The Almost Perfect Passive Fire Stopping
Awareness around the poor state of passive fire stopping is increasing and a recent article in the NZ Herald article has further highlighted the issues facing the industry.
While designers, inspectors and installers are improving their level of knowledge, fire stopping is not just a matter of buying some fire rated foam, sealant or a collar and installing it. Fire stopping is collection of products which form a system and may include a particular wall or floor construction along with a specific range of manufacturers products which are then tested. When they are installed outside the test parameters it is not easy to predict how they will perform.
This brings us to the subject of the “almost right passive fire stopping”. At a first glance it looks like it might comply but on further investigation it may be totally ineffective. At the recent Fire NZ conference in Wellington Ron Green and Frank Wiseman from Fire Group Consulting had a selection of fire stops and a quiz to test the delegates knowledge on passive fire stopping.
Here are the samples. Note that they do not have labels in accordance with AS 4702.1 nor a register of products used so unless you are an expert in identifying the large range of passive fire products on the market you can only guess whether they comply. There is no substitute for knowing all the products used in a passive firestop system and then checking the installation against the manufacturers installation literature and test data.

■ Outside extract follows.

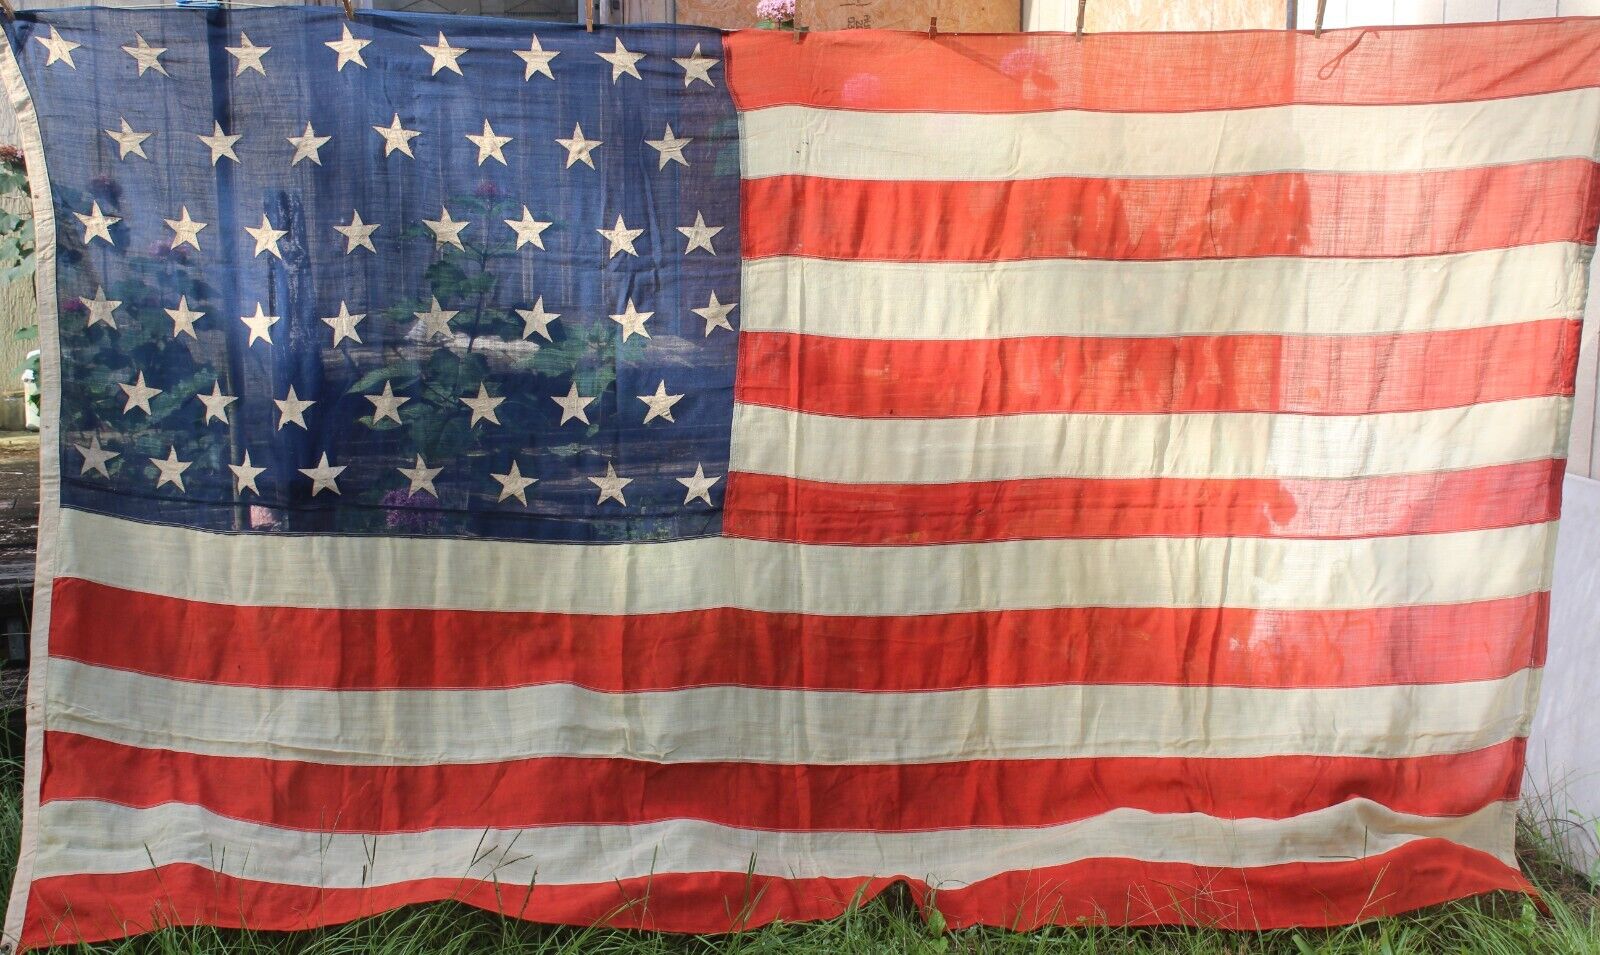 An Amazing 46 Star United States Flag 6 Feet by 10 Feet 1908-1912

Assuming you had all the necessary data, I have listed what you would need to consider before you could say it was a compliant passive firestop
Fire Collar on PVC Pipe
It is installed on a single layer of plasterboard so may not have been tested for this situation.
Two fixings seem to be into the timber substrate behind the gib, however the third is through the plasterboard. If the manufacturer allows this, have the correct fastener been used.
Fire Collar on PVC Pipe
The penetration is going through one layer of 19mm plasterboard which is the most common scenario that fire collars have been tested for.

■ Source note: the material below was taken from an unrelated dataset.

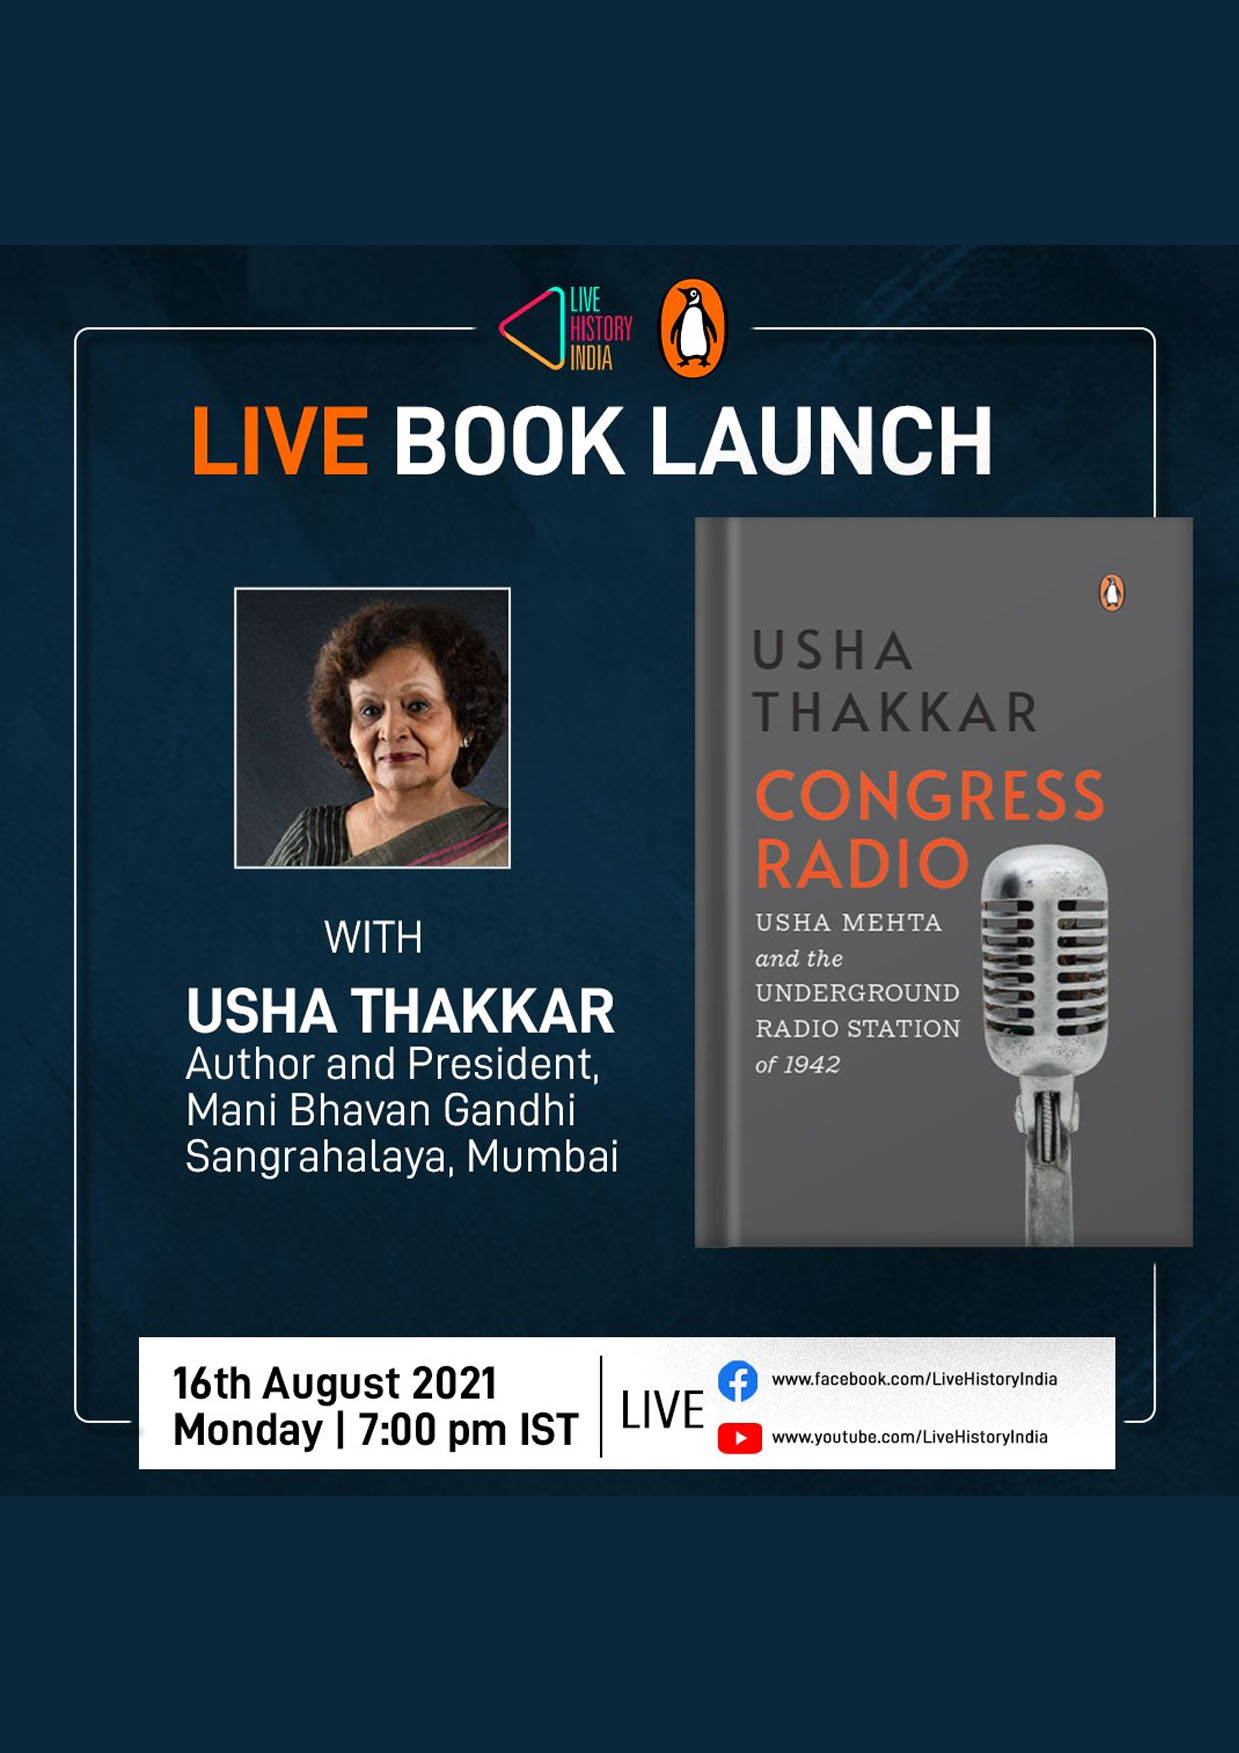 INVITATION FOR BOOK LAUNCH FUNCTION OF CONGRESS RADIO BY USHA THAKKAR

A sealant has been used between the intumescent component within the collar and the pipe. This will delay the heat getting to the intumescent component in the collar and delay its activation. It is unlikely to have been tested like this.
Fire Collar on PVC Pipe
It is on a single layer of plasterboard with fixings directly into the plasterboard so the suppliers datasheet would need to be checked for correct fixing detail and whether it has been tested on a single layer of plasterboard.
Metal Pipe Through Gib
Two layers of plasterboard is a good start.

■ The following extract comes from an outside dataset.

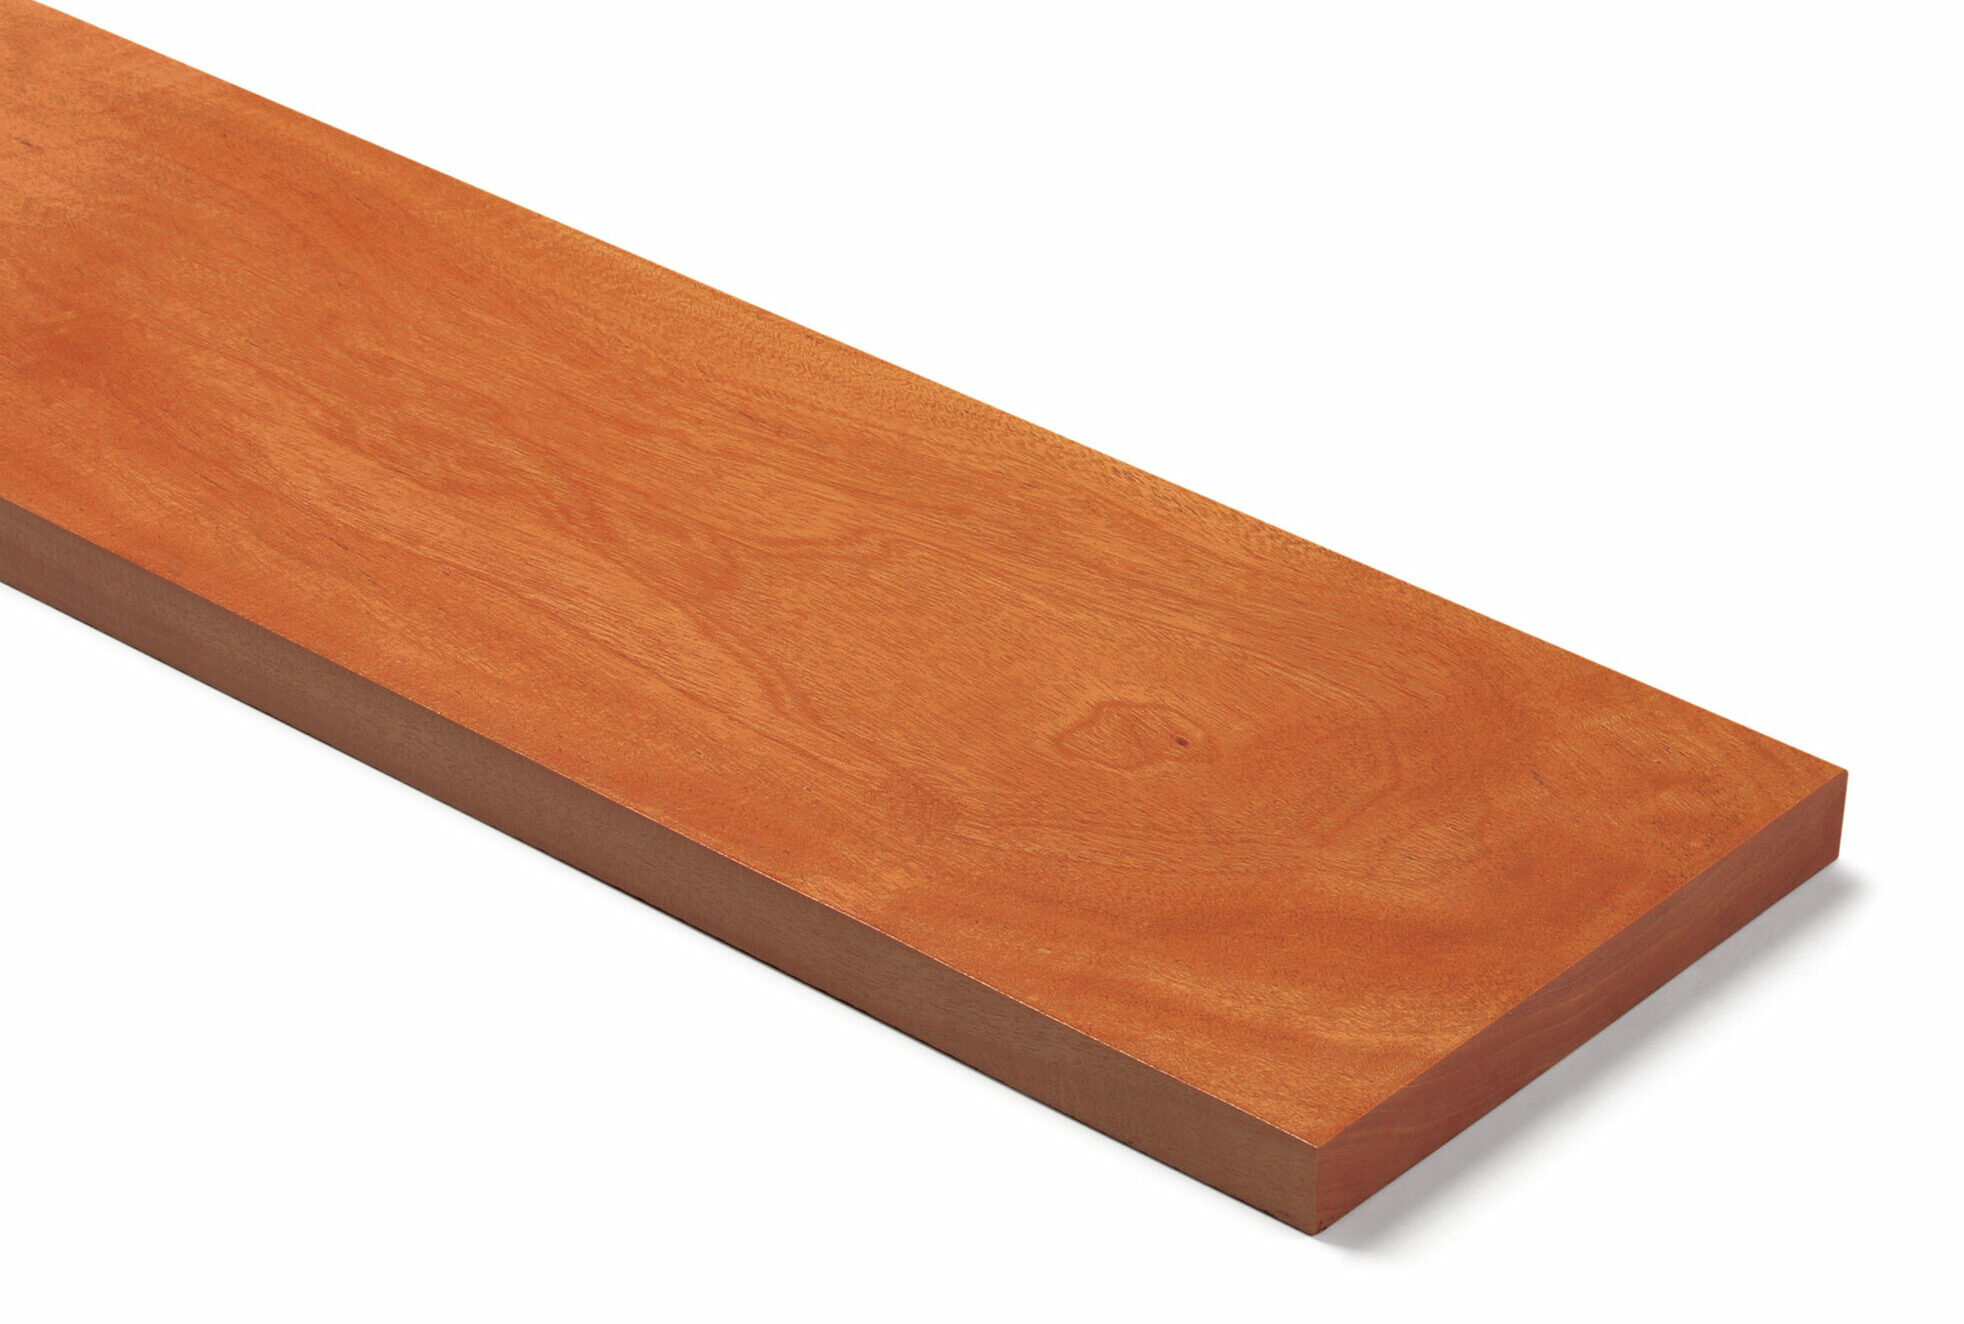 Cuban wood plank

Is intumescent sealant suitable for this type of scenario, has it been applied to the full depth of the two layers of plasterboard.
Does the distance between the pipe and plasterboard comply with the maximum and minimum annular gap allowed by the test certificate.
Cables in Conduit Through Gib
Two layers of plasterboard have been used which is a good start.
Has the intumescent sealant been applied to the full depth of the plasterboard. The only way to check this onsite is to check a sample of penetrations by removing some of the sealant.
Does the distance between each conduit and between the conduit and plasterboard comply with the manufacturers data.
Has the setup been tested with no intumescent material inside the conduit.
Multiple Cables Through Gib
Two layers of plasterboard have been used which is a good start.
Has the sealant been applied to the full depth of the plasterboard.
What is the annular gap between the outside of the cables and the plasterboard. Does it comply with the manufacturers datasheets.
Do the cables need to be coated beyond the wall to avoid heat transfer along the copper cable conductors.
What is the maximum diameter of the bunch of cables that have been tested.